THE TASK: Work through the lines of the material below, note those with the word "Style", and give their number, nothing else.

DATA FOR THIS EXERCISE:
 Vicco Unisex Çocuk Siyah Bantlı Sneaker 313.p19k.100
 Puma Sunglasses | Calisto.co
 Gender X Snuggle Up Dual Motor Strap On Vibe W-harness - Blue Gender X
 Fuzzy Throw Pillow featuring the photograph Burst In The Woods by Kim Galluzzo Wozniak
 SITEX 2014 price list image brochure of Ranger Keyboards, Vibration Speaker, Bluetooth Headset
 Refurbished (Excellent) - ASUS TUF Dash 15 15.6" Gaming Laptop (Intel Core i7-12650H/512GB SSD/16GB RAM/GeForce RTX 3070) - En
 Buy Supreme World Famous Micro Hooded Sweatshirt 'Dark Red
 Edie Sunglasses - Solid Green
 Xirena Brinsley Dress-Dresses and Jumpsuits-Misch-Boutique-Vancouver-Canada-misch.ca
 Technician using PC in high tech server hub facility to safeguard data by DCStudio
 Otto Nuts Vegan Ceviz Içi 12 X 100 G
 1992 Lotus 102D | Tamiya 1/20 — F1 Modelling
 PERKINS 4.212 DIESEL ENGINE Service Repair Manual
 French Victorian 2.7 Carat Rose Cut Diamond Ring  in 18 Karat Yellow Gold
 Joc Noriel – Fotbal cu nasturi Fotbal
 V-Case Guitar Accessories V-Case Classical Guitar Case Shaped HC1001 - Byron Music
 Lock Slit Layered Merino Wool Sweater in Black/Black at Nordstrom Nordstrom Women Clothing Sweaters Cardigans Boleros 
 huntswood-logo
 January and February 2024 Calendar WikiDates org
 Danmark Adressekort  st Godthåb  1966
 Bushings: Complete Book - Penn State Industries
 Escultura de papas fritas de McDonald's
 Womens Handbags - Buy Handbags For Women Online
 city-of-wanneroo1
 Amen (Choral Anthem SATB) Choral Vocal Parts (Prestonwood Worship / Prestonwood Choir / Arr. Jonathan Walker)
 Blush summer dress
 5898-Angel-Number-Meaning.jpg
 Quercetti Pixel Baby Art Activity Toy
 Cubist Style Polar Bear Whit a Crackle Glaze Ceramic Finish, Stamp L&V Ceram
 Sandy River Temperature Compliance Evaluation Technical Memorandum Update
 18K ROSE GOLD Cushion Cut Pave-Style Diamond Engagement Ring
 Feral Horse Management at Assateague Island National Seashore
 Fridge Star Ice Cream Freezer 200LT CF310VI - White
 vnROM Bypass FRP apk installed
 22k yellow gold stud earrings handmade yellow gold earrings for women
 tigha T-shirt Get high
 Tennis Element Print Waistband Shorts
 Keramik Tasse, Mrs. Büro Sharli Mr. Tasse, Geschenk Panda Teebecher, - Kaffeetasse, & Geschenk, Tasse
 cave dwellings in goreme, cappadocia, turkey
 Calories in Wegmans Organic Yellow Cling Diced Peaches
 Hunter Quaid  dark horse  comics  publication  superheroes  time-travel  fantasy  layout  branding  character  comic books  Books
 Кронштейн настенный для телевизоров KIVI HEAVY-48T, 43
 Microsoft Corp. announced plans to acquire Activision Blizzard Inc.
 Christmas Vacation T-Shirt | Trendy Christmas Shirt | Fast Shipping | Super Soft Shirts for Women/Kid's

SOLUTION FOR THIS TASK: 2